Ligustrazine nano-drug delivery system ameliorates doxorubicin-mediated myocardial injury via piezo-type mechanosensitive ion channel component 1-prohibitin 2-mediated mitochondrial quality surveillance.

Background: Doxorubicin (DOX) demonstrates significant therapeutic and anticancer efficacy. Nevertheless, it demonstrates significant cardiotoxicity, resulting in permanent cardiac damage. Ligustrazine (LIG) is a bioactive alkaloid derived from the rhizome of the medicinal plant Ligusticum chuanxiong Hort. The alkaloid has exhibited cardioprotective properties. The therapeutic application of LIG is constrained by inadequate water solubility, fast breakdown, and low bioavailability. Nanoparticle drug delivery technologies effectively address these constraints by encapsulating LIG into nanocarriers, significantly enhancing its solubility and bioavailability, hence maximizing its therapeutic efficacy. Consequently, this study employed tetrahedral backbone nucleic acid molecules as LIG carriers. Furthermore, animal models and single-cell sequencing analyses were employed to forecast the mechanisms and targets of pertinent studies. A mouse model genetically modified for the piezo type mechanosensitive ion channel component 1 (PIEZO1), transmembrane BAX inhibitor motif containing 6 (TMBIM6), and prohibitin 2 (PHB2), along with an in vivo and in vitro model of DOX-induced cardiomyopathy (DIC), was established, and a gene-modified cellular system comprising upstream genes and downstream effector targets was constructed. The mechanism of LIG was validated by molecular biology and integrated pharmacology with the implementation of the LIG nano-drug loading method.

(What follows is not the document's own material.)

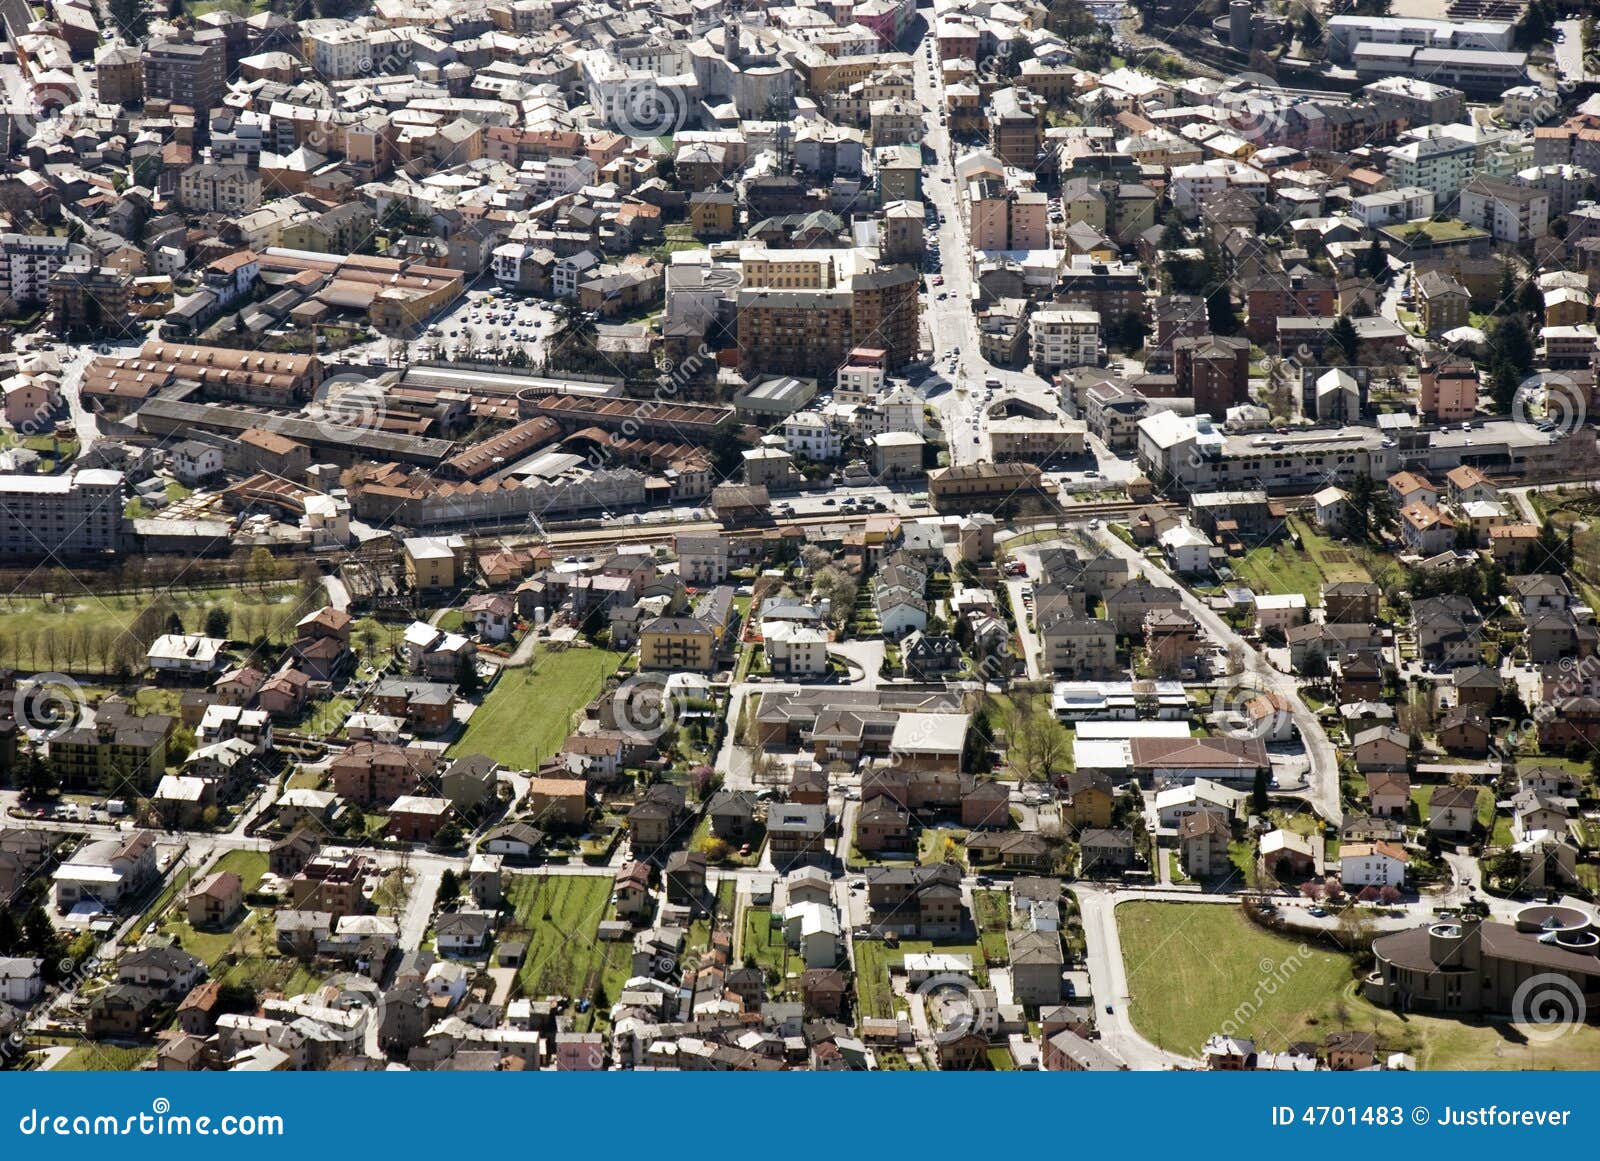 aerial view of residential urban sprawl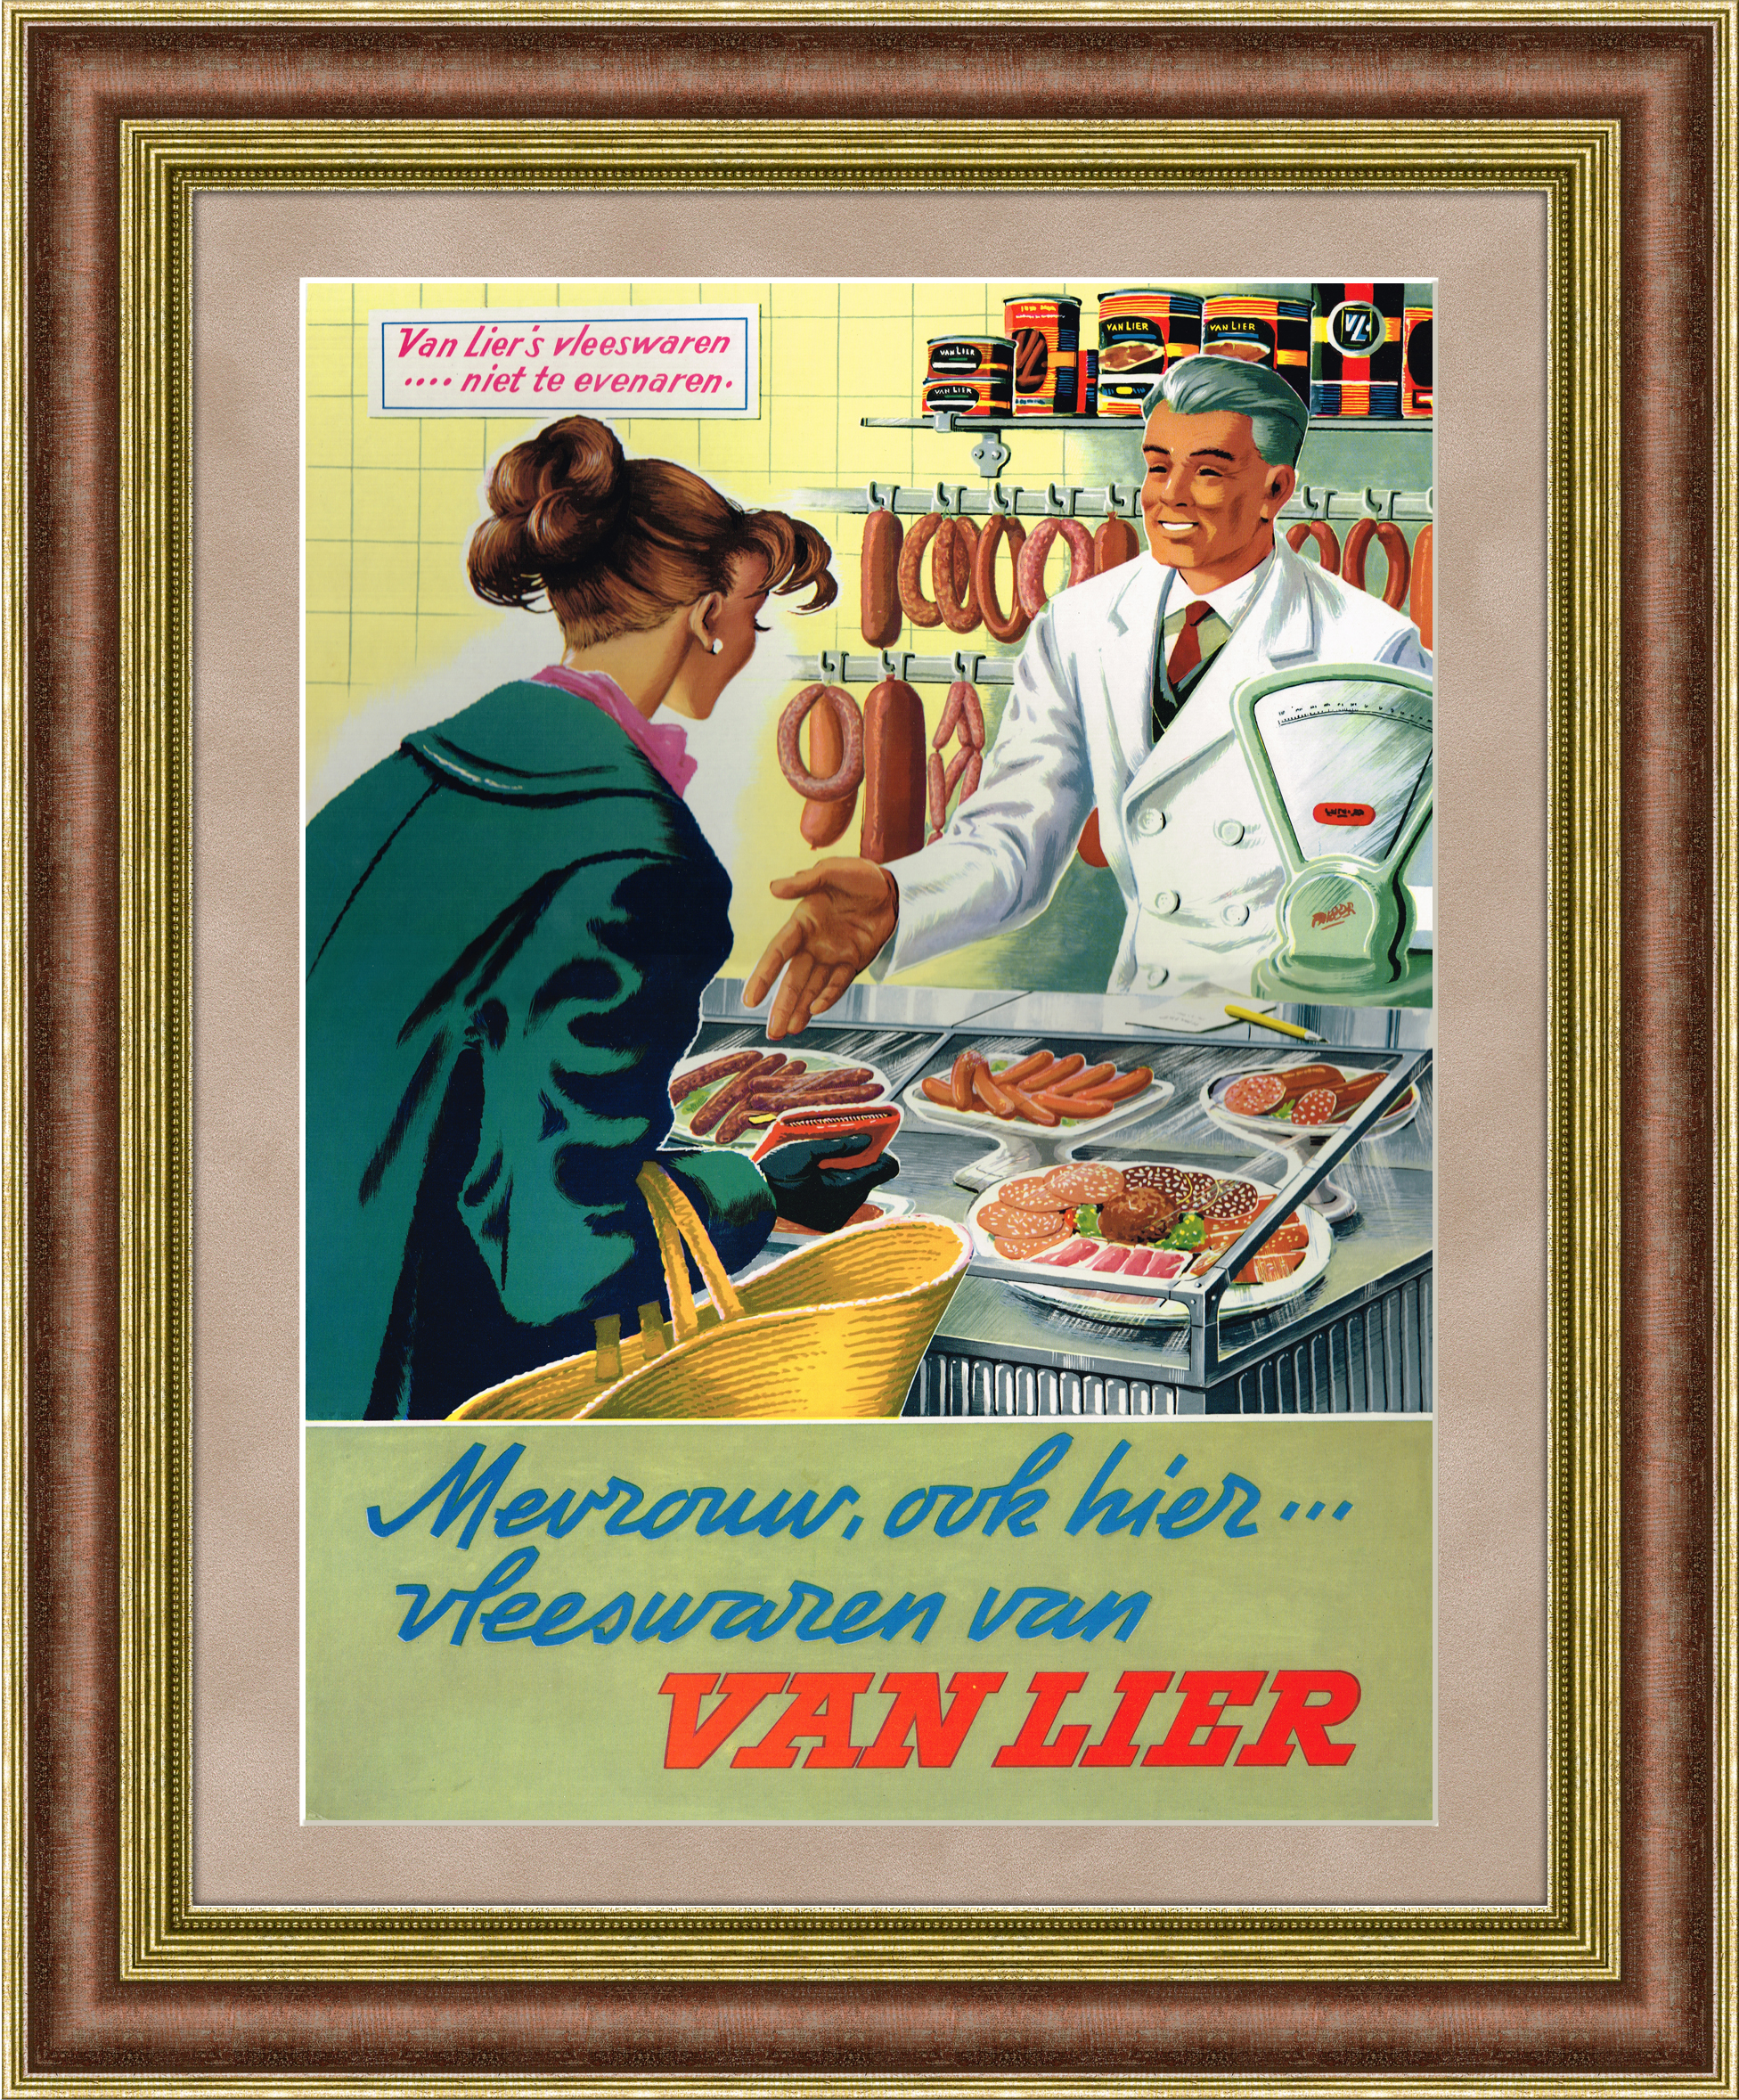 Советские плакаты общепита

Results: LIG nano-delivery enhanced DOX-induced cardiac dysfunction and mitochondrial impairment by modulating the PHB2Ser91/Ser176 phosphorylation axis through PIEZO1-TMBIM6, and significantly suppressed cardiomyocyte pyroptosis resulting from mitochondrial homeostasis dysregulation. The findings indicate that LIG nano-delivery is a promising therapeutic approach for addressing DIC.

Conclusion: The PHB2Ser91/Ser176 phosphorylation axis regulated by PIEZO1-TMBIM6 is an important target for LIG nano-drug delivery systems to improve mitochondrial damage in DIC.